A prefix sum array allows us to get the sum of subarrays throughout a problem. Many array problems are actually about turning a subarray condition into a relationship between two prefixes - the core identity is:

  • Let prefix[i] be the sum of elements from 0..i
  • Then the sum of a subarray l..r if prefix[r + 1] - prefix[l], or prefix[r] - prefix[l - 1] but that confuses me
    • prefix[r + 1] - prefix[l] avoids the whole "left = 0 is special"
  • The length of a subarray nums[l..r] is (r + 1) - l, or r - l + 1 in the other convention

Below, there are multiple hash maps used - freq, first, count, etc.. These will always store information about an earlier prefix l. Since most of them are initialized with {0:..}, they are using the right + 1 convention where we'd start storing prefixes with pfxSum = [0]. Therefore, at any current position we would be at in for idx, num in enumerate(nums):, we can still utilize prefix - freq[l] to figure out sum or length between prefix, or idx and the count of index stored in the hashmaps...it's fucky, but it works out fine

arr =    [1, 3, -2, 5]
pfx = [0, 1, 4, 2, 7]

To find the sum of subarrays from 1 --> 3 you can do pfx[4] - pfx[1] = 6, which is the same as arr[1] + arr[2] + arr[3]

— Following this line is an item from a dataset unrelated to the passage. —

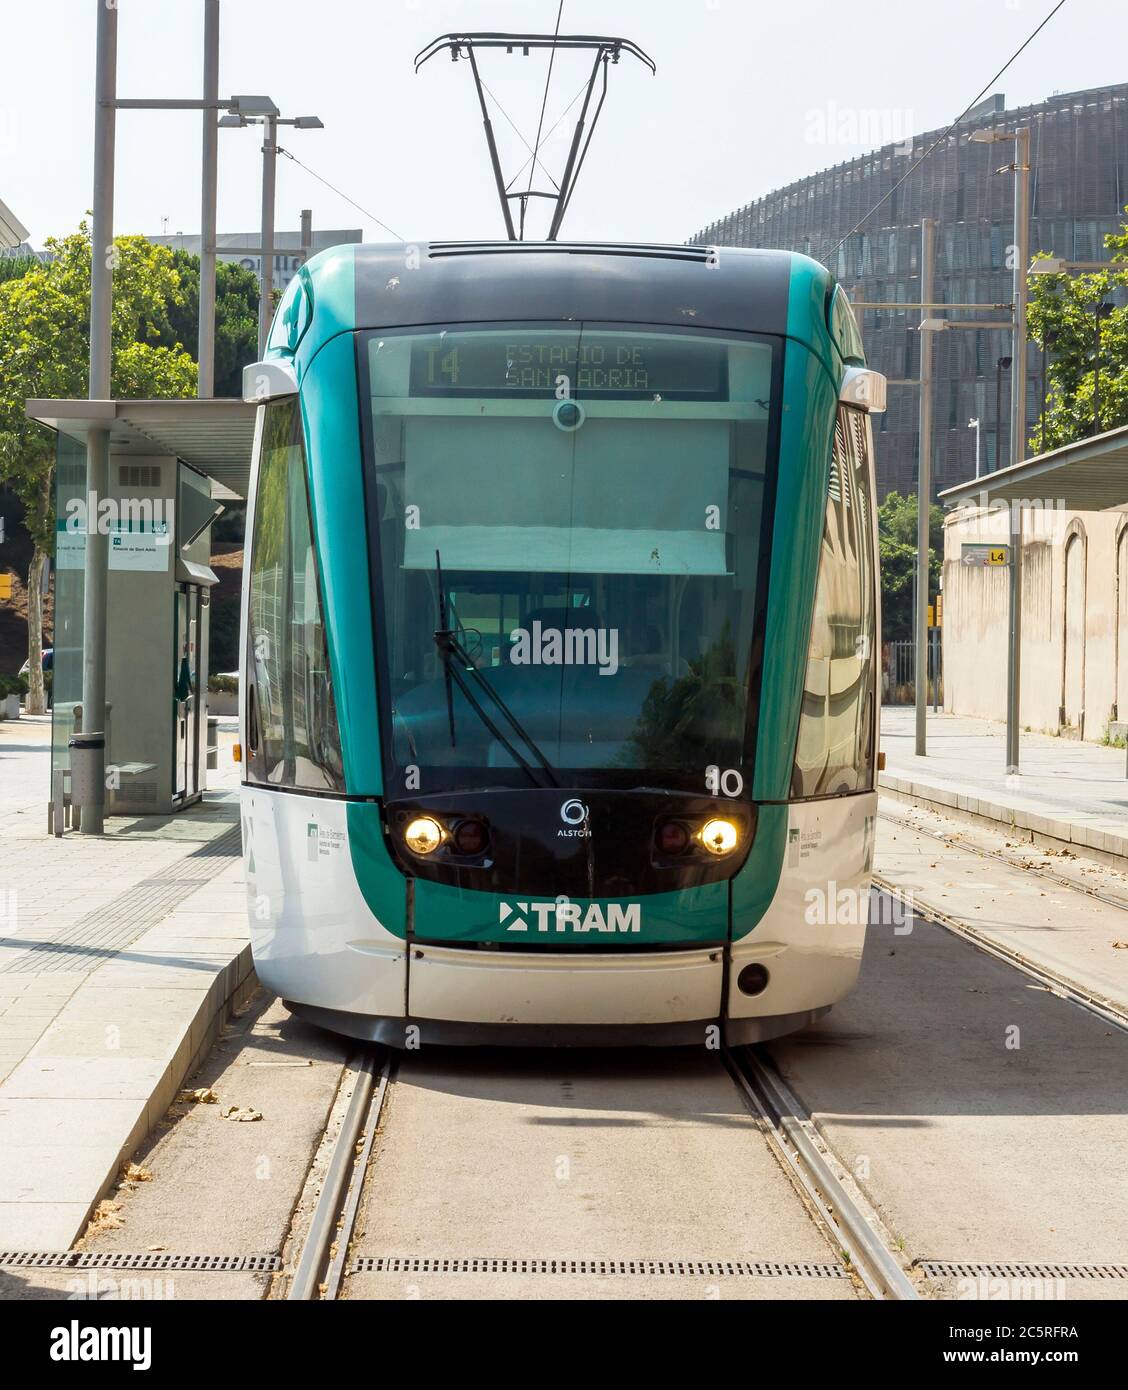 BARCELONA, SPAIN - JULY 12, 2015: Barcelona tram known as Trambaix. The tram is going through the Diagonal avenue.  Barcelona, Spain - July 12, 2015: Stock Photo

"What earlier prefix would I need so that the difference between these two points gives me what I want". Usually if there are differences, total counts of items, or conditions, using a prefix sum is thew ay to go. Prefix Sum also comes up in Tree Traversal because you can use it during a tree traversal technique to find things like

  • Total number of paths that sum to X
  • Total number of paths less than or equal to X
  • etc
  • The same "problems" that Prefix Sum solves for Arrays it can solve for in Trees as well

One dimensional Prefix Sum is easy, it's just a cumulative sum! 1D Array

To get the total from x1 to x3 we need prefix[x3] - prefix[x0]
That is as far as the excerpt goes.